Review of the medical record revealed Patient #17 admitted on 05/04/2025 at 11:34 AM for altered mental status, hesitant, pressured speech, responding to internal stimuli and staring at the wall or laying on table staring at the ceiling. Minimally responsive and preoccupied with internal thoughts. Previous history of schizoaffective disorder. Non-aggressive in ED (emergency department) but had history of homicidal ideation. Administered Vistaril (medication for anxiety) at 7 PM and Geodon (antipsychotic medication) at 10 PM at hospital. A/V hallucinations, paranoia and disoriented. Unable to answer questions. Per APRN progress note on 05/12/2025 at 8:56 PM, Patient #17 transferred to unit G due to safety concerns from inappropriate contact by another patient (Patient #13).
During an interview on 07/01/2025 at 12:00 PM, Staff A/ APRN stated I participated in the investigation. Patients with any sexually acting out we are implementing one on ones from the beginning. There was just education between staff; no formal training or education that I am aware of.
During a group interview on 07/01/2025 at 1:38 PM, Staff G, RN (Registered Nurse) and Staff H, RN stated we have had patients transferred from B unit and put on one to one for being touchy. Usually, manics are hypersexual and placed on Q5 (every 5) minute checks, 1 to 1 and medications added. We are not aware of any education about a sexual assault. They did do an in service on rounding; making sure to go in the room and see the patient. SAO are checks Q15 (every 15) minutes or Q5 minute as ordered. They have been going straight to one-on-one. We redirect them if we hear them making sexual comments. It's not acceptable for anyone to hear it.

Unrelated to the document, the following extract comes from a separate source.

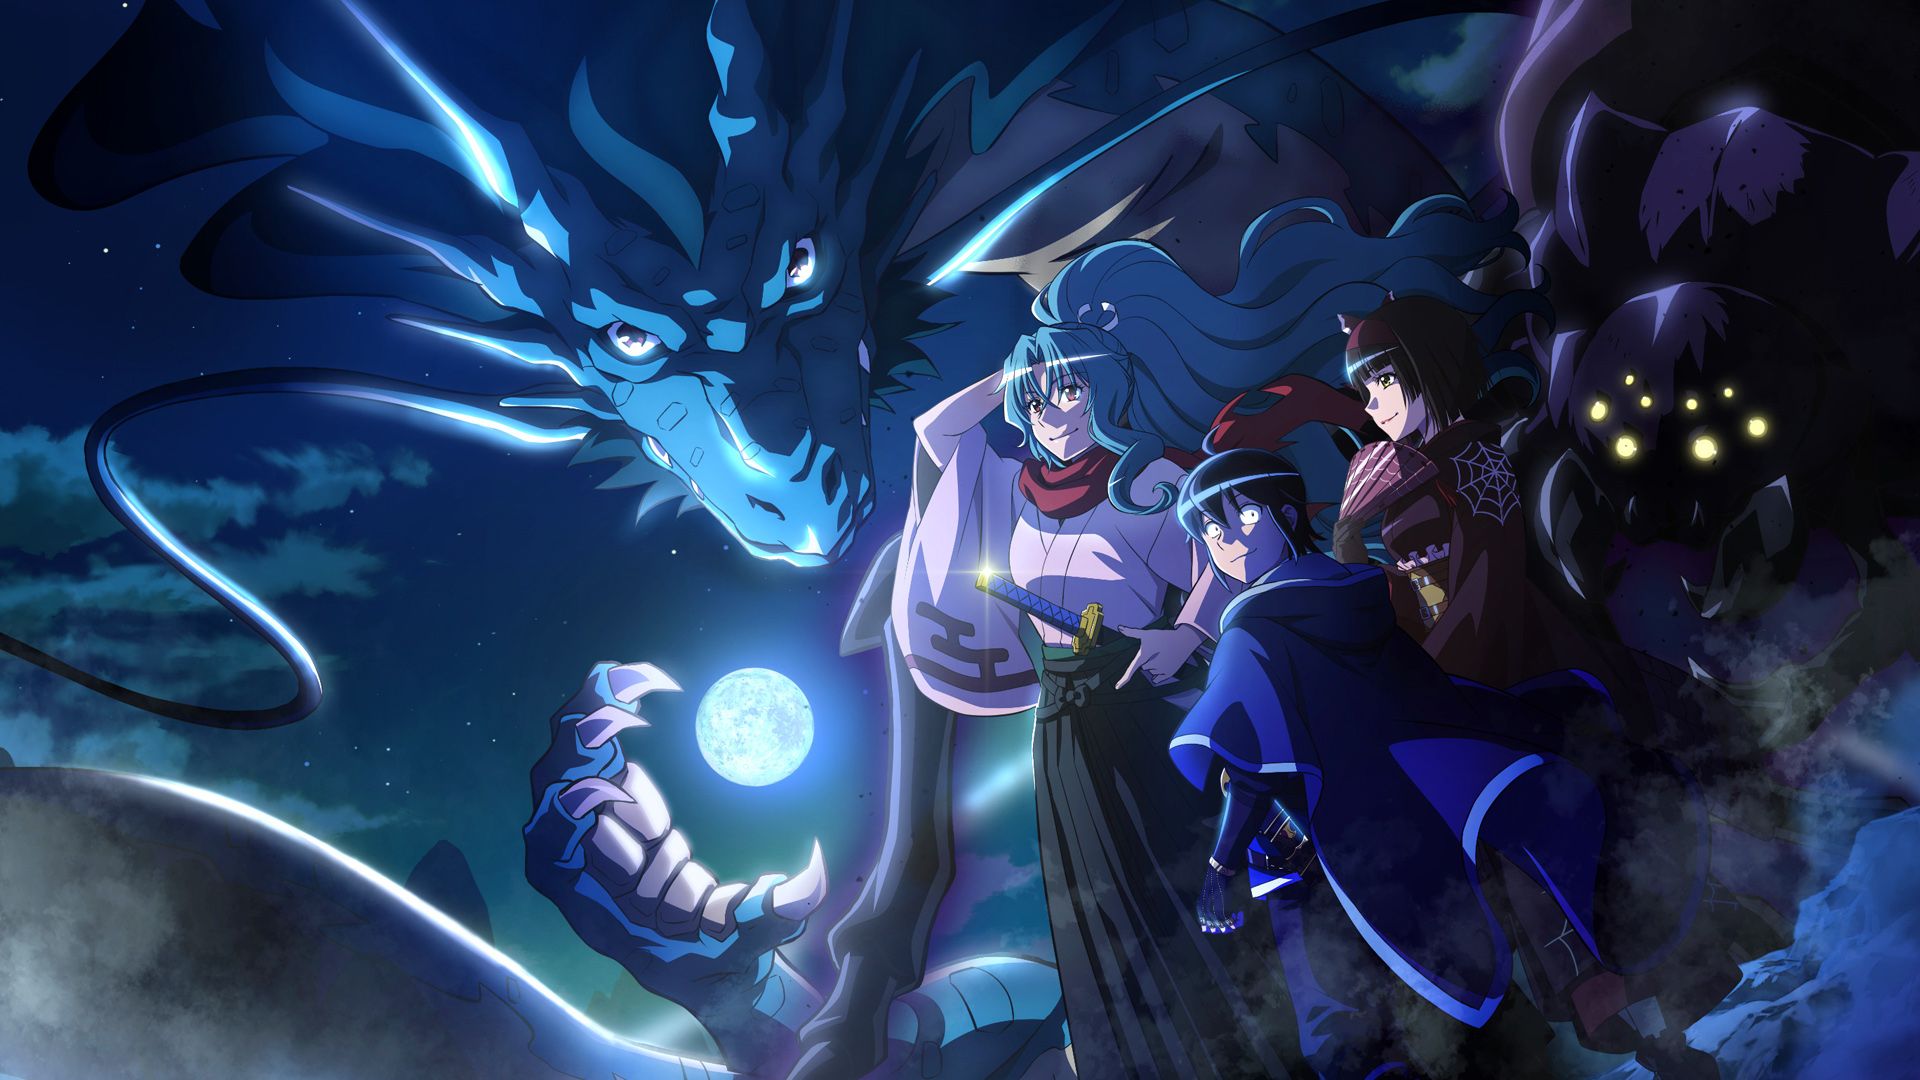 Tsukimichi: Moonlit Fantasy background

During an interview on 07/01/2025 at 3:31 PM, C, Staff BHT (Behavioral Health Technician) stated there has been no additional training that I am know of.
During an interview on 07/01/2025 at 4:15 PM, Staff I, BHT stated she has not had any training, education, in servicing.
During an interview 07/01/2025 at 4:27 PM, the House Supervisor stated I can not say there have been any changes or education. I didn't receive anything. We need more staff.
During an interview on 07/02/2025 at 9:10 AM, the Risk Manager stated the BHT's were part of the RCA. We had a town hall meeting and spoke about Zero harm and the SAO policy with sign in sheets. There has been an increase in cases of sexually acting out across Acadia so they have launched a training series on Zero Harm. Observe for SAO behaviors, document them, and follow the providers monitoring orders. The focus is on reporting. Staff A, APRN was educated at the time during the RCA. They all participated in the RCA. I didn't document it. I sent out an email to all of the providers last night and I got an attestation from Staff A, APRN. The staff had to sign an attestation for the education on the SAO policy that we started last night.
During an interview on 07/02/2025 at 11:04 AM, the CMO stated we have to evaluate the risks before we implement one to one. In an ideal world, where staff are available it would be implemented immediately. In the real world, the resources are not readily available to do that. If the risk is high enough, we could certainly implement that to manage the risk.